*Assignment*: Will you output all of the data below exactly, omitting the images?

*Information shown*:
========
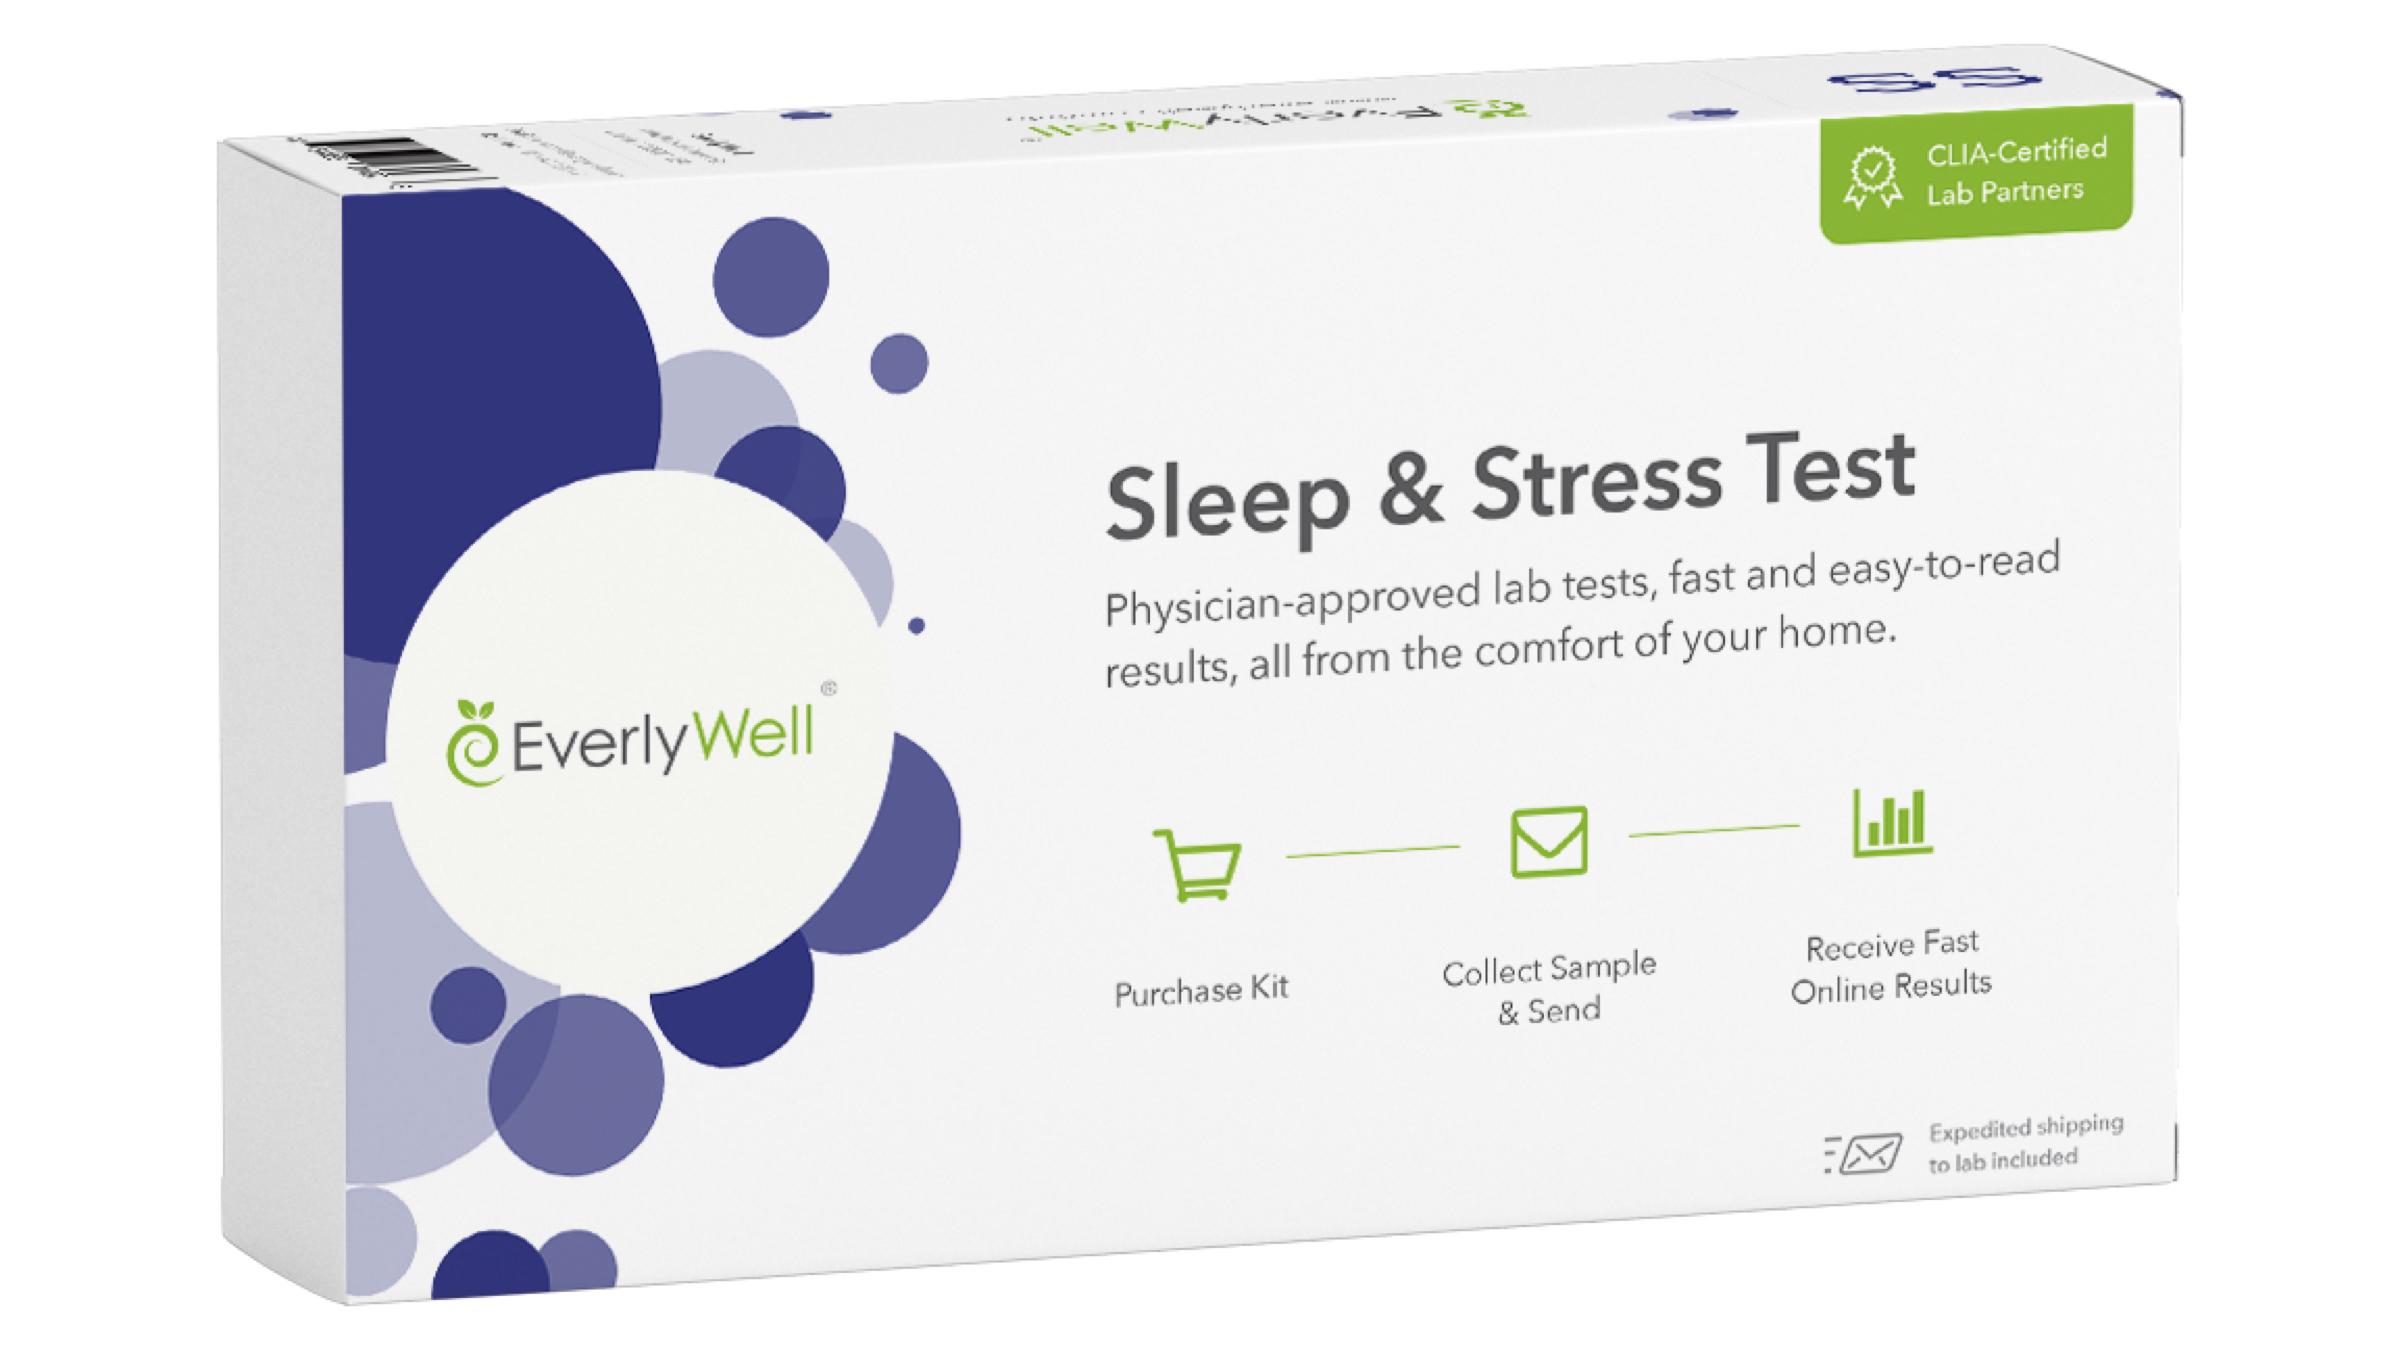 Sleepstresstest9x16
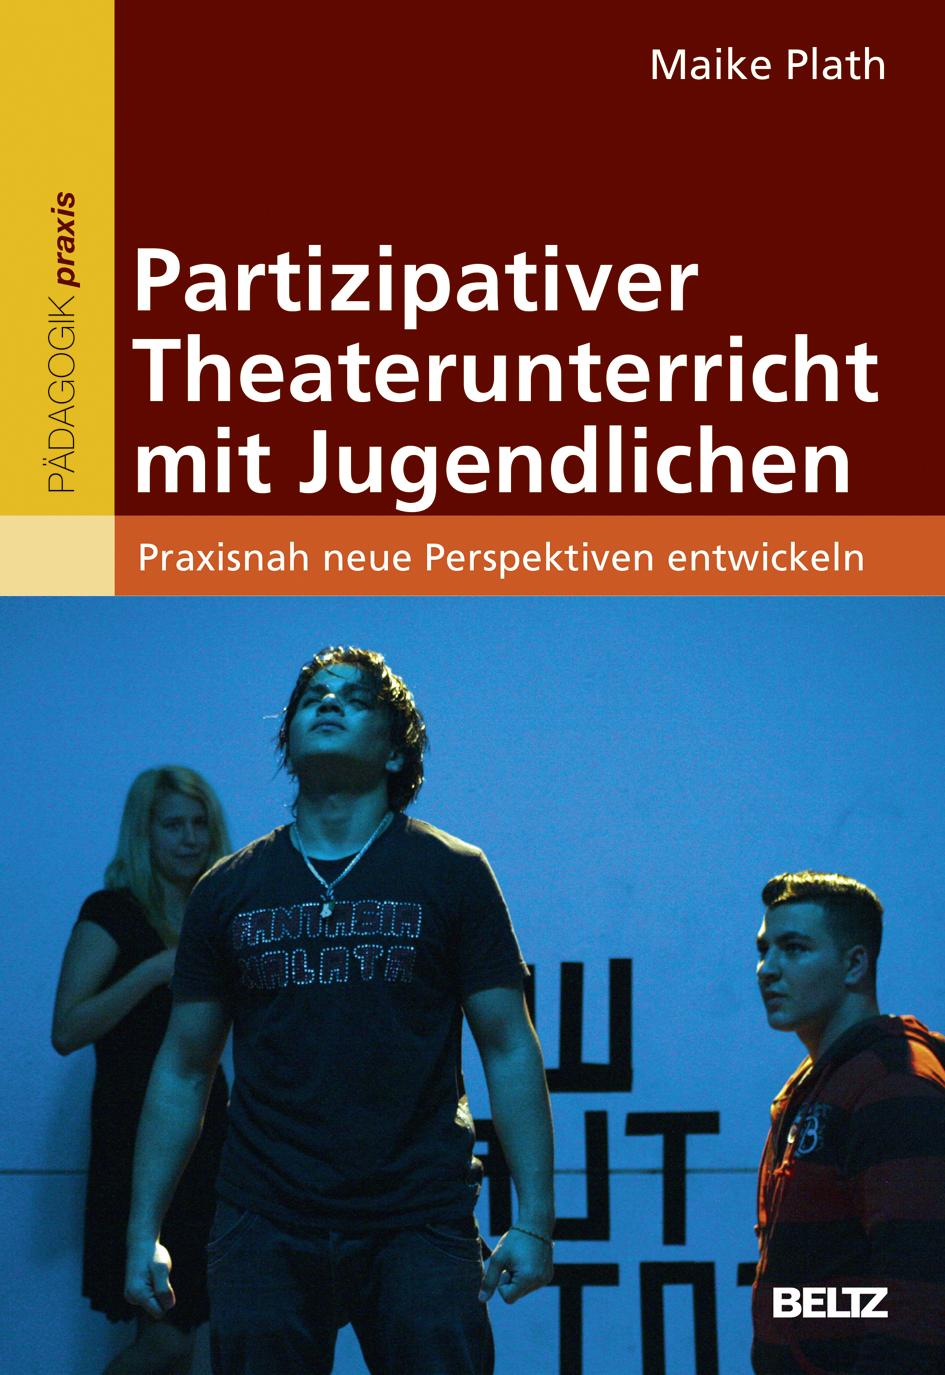 Partizipativer Theaterunterricht mit Jugendlichen Maike Plath 9783407628916
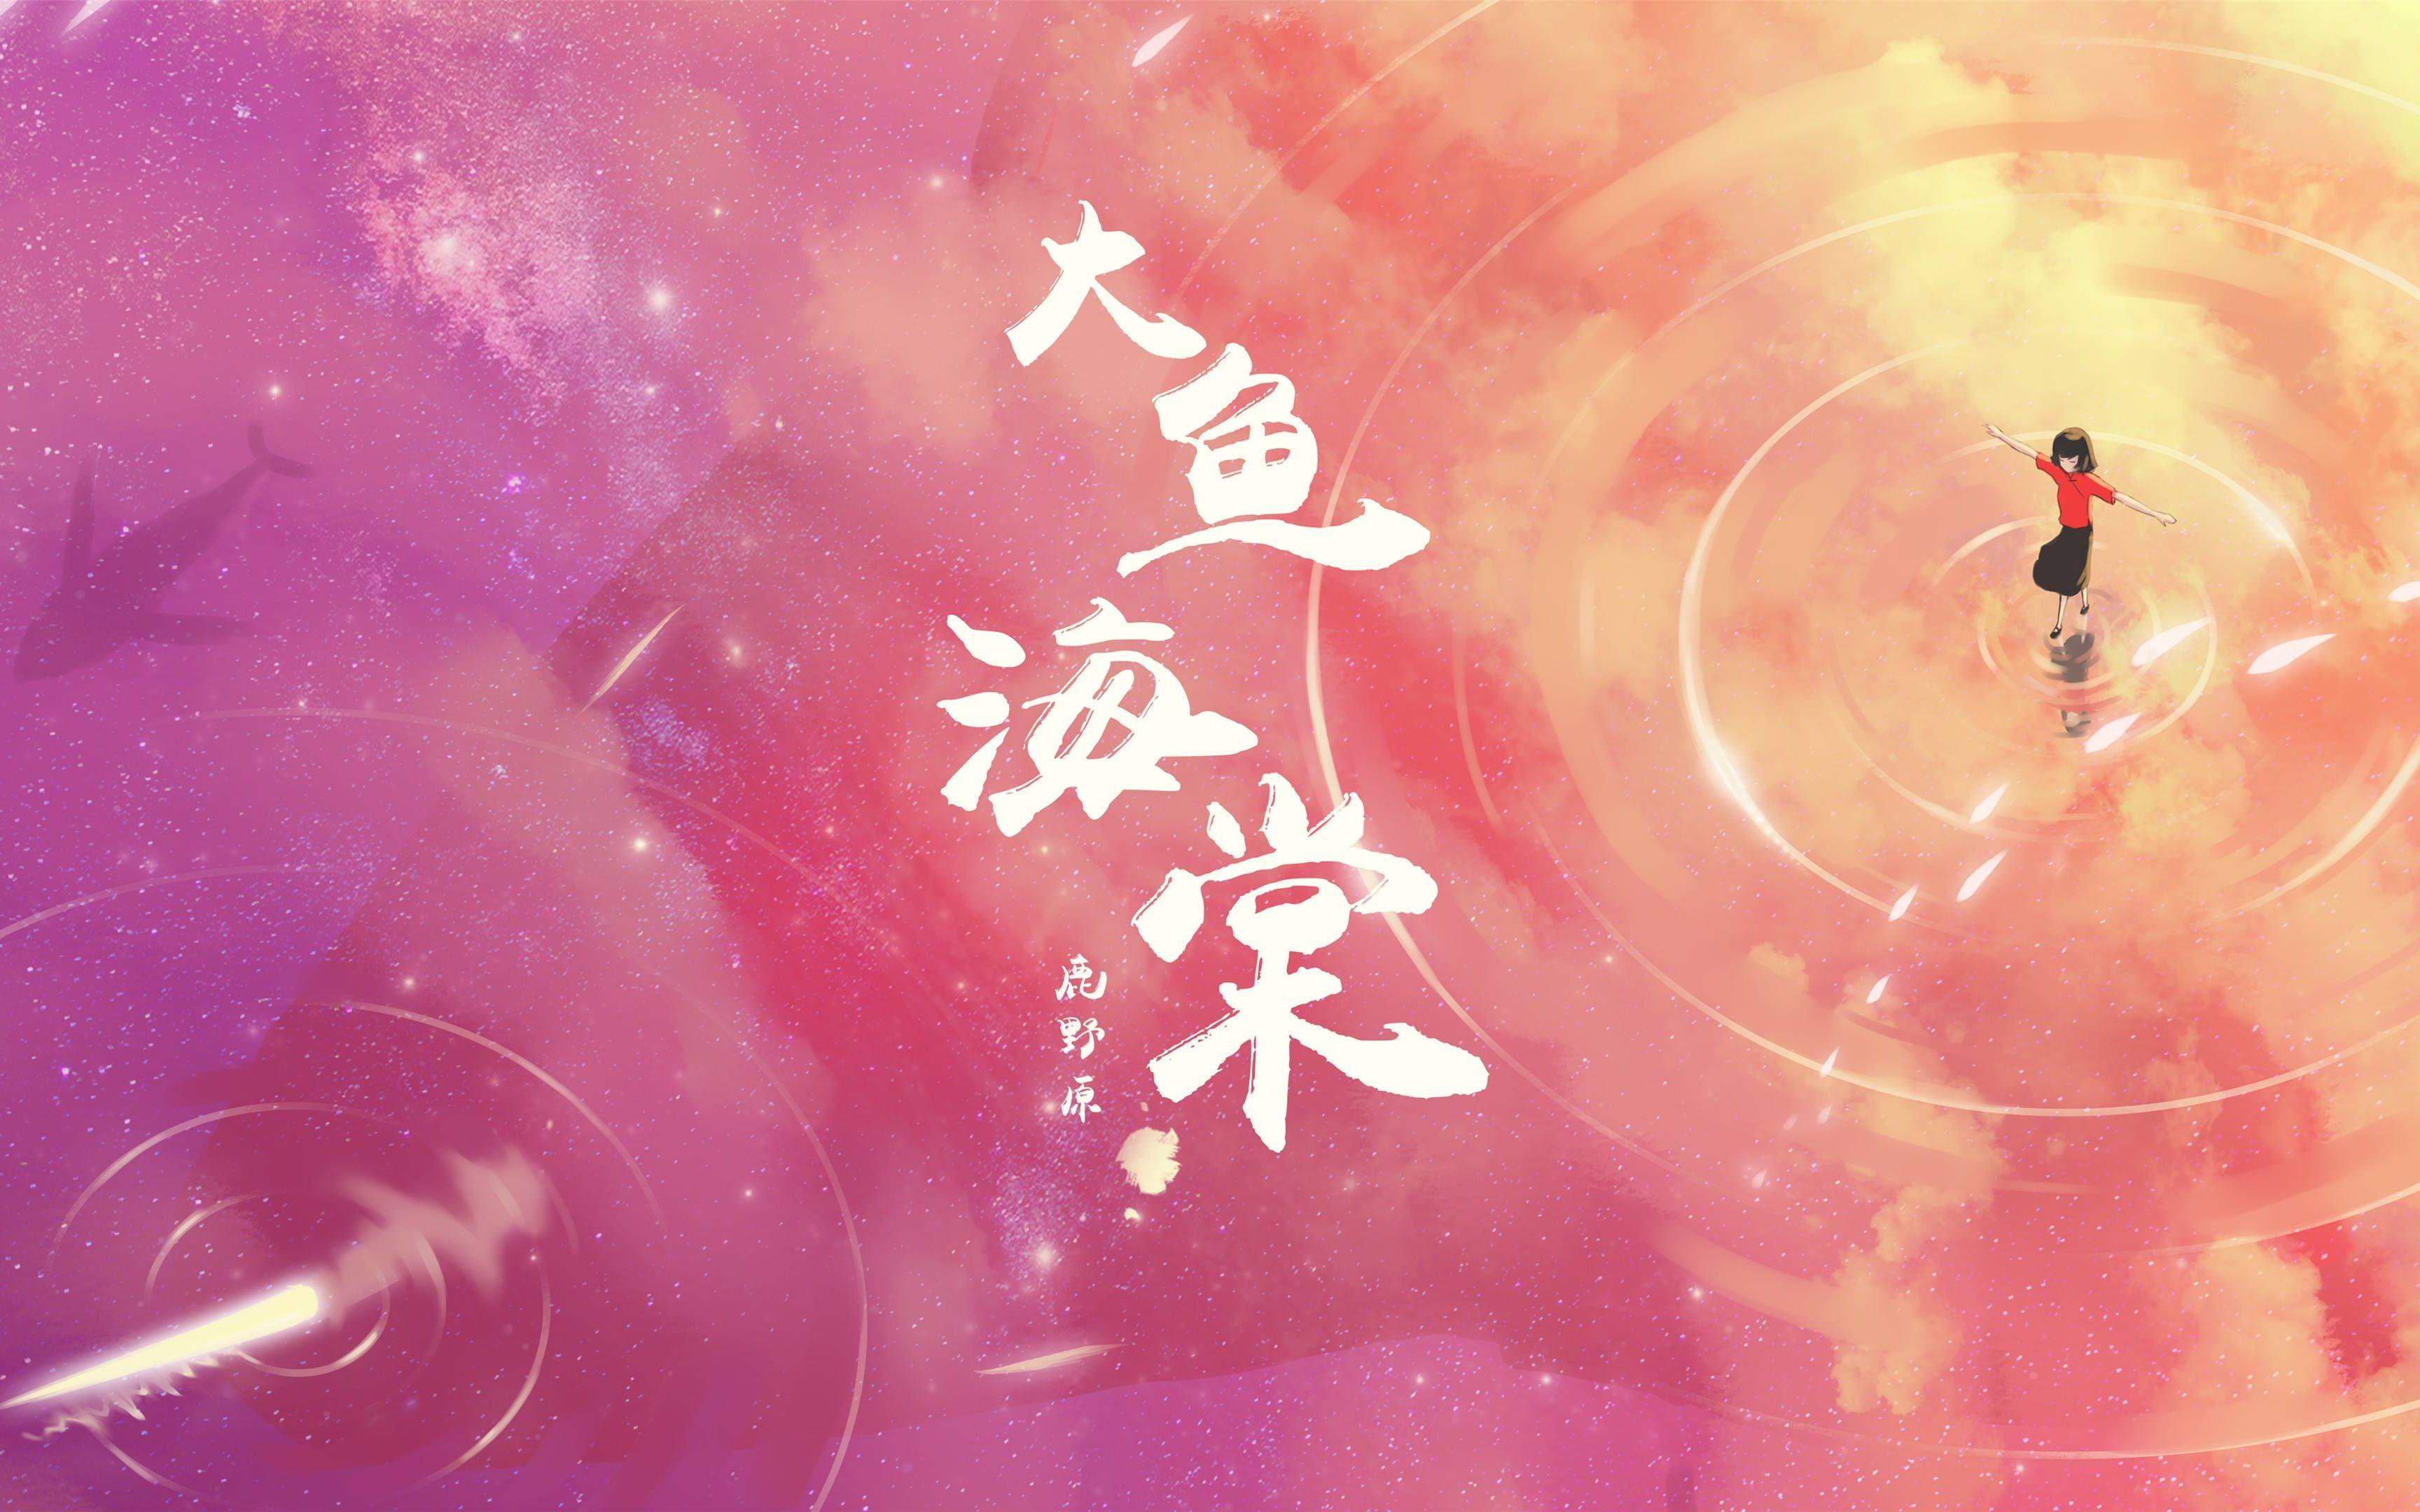 【二胡】大魚海棠 印象曲翻奏圖片
========
*Exercise answer*:
 Sleepstresstest9x16
 Partizipativer Theaterunterricht mit Jugendlichen Maike Plath 9783407628916
 【二胡】大魚海棠 印象曲翻奏圖片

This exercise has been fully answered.